Recently I wondered why my router shows a constant downstream of 5 MBit/s, while I am downloading almost no data. I discovered the "packet logging" function of my router, with which I was able to log all the traffic in the wireshark format. And I recognized that 80% of the downstream traffic was not for my IP address, so it just gets discarded (probably). When tapping the "internet interface" of my router, I could see the downstream packets of IP-adresses that is not mine: Mail addresses from other people, DNS query responses from other people, http-responses from other people...
My question: The fact that I can see other people's downstream, is this normal or is it a misconfiguration on the side of the ISP?
I doubt that it's normal, because this causes a lot of unnecessary traffic, which is bad for me, bad for the ISP and also a data privacy issue for everyone.
No, this is not normal. Contact your provider to resolve this issue. When they can't, switch away ASAP.
It has been a while since I consulted to the telecom industry so I am going off of what is still likely.
For DSL, this is sub-par. You should never see traffic destined for another IP address. I would check with your provider. This is not a standard configuration and it is likely that there are some settings in the RedBack that are not right. Each connection should be segmented and the bandwidth you are paying for by contract is being wasted. DSL connections are frame connections when you whittle through all of the protocols. This means that your frame connection must only see the traffic for your segment.
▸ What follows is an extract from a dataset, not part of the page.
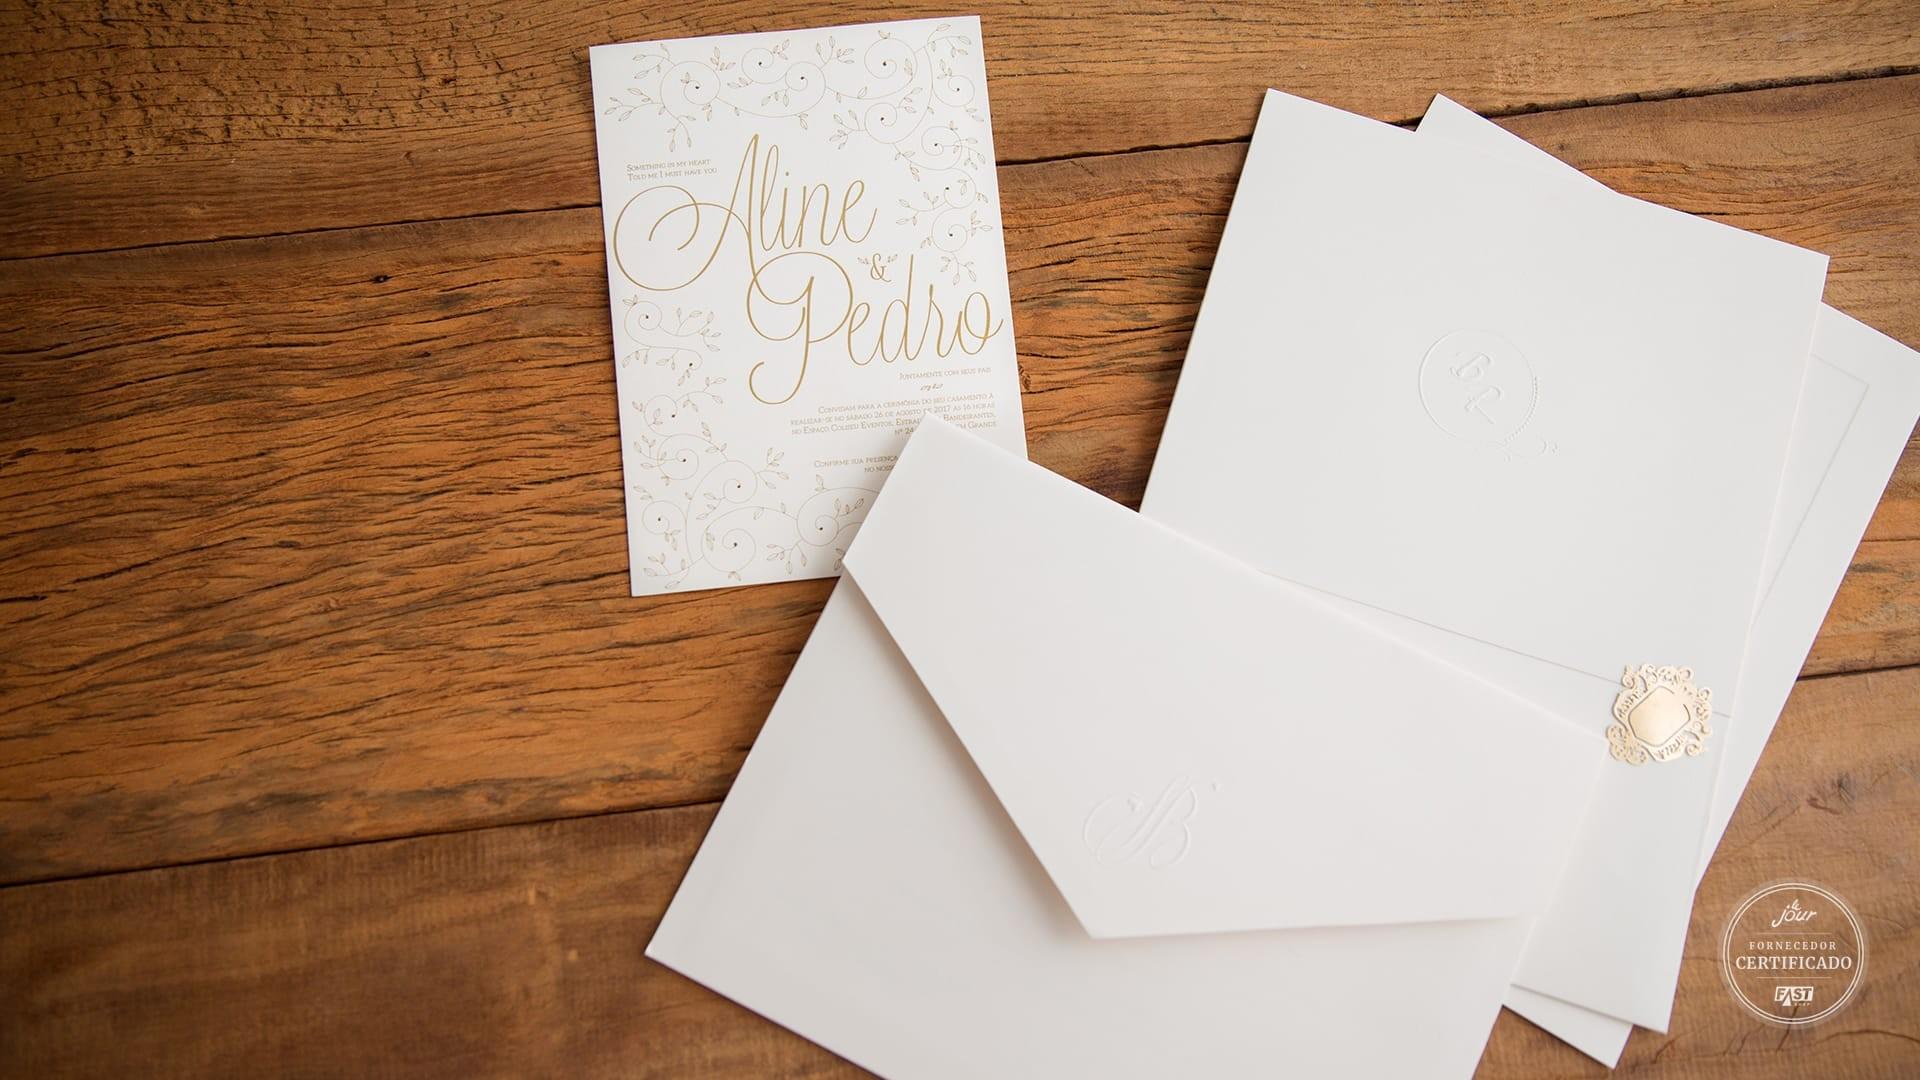 Papelaria completa para casamento: convite, envelope, save the date.
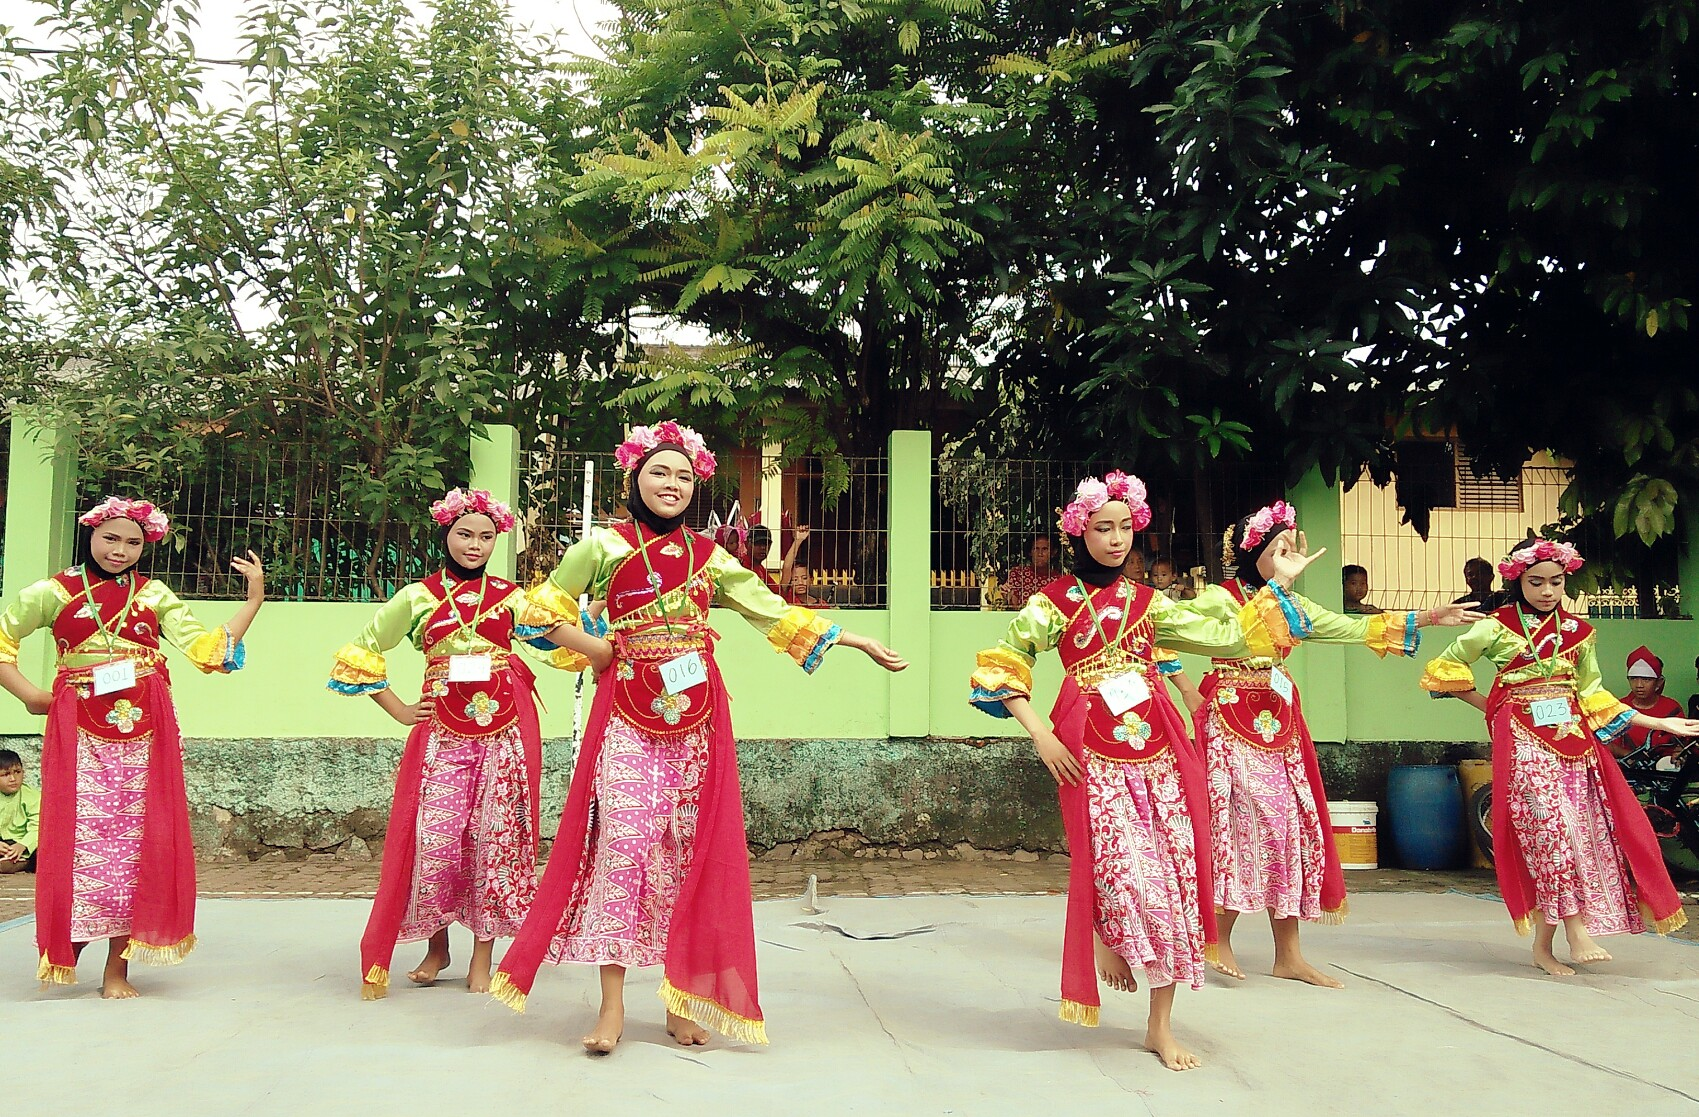 Tarian Jawa barat| Dokumentasi pribadi

For Cable, this is normal. Cable is segmented by neighborhoods depending upon area saturation. A neighborhood could be many miles or one block. This is normal since cable is not a frame connection but based upon broadcast standards much like ethernet over thin-net/thick-net back in the day. Your cable router may or may not enforce network segmentation depending upon the router, either by age or by model. Cable connections almost always see traffic on the WAN side that is not intended for the LAN. But sometimes WAN traffic can be seen on the LAN side. This is not unusual even today with the larger carriers.
If it's cable, by definition it's shared circuit. Seeing other people's downstream under global logging of all packets would be normal.
Promisc mode cable gear would be an interesting anomaly but that sounds like exactly what is happening.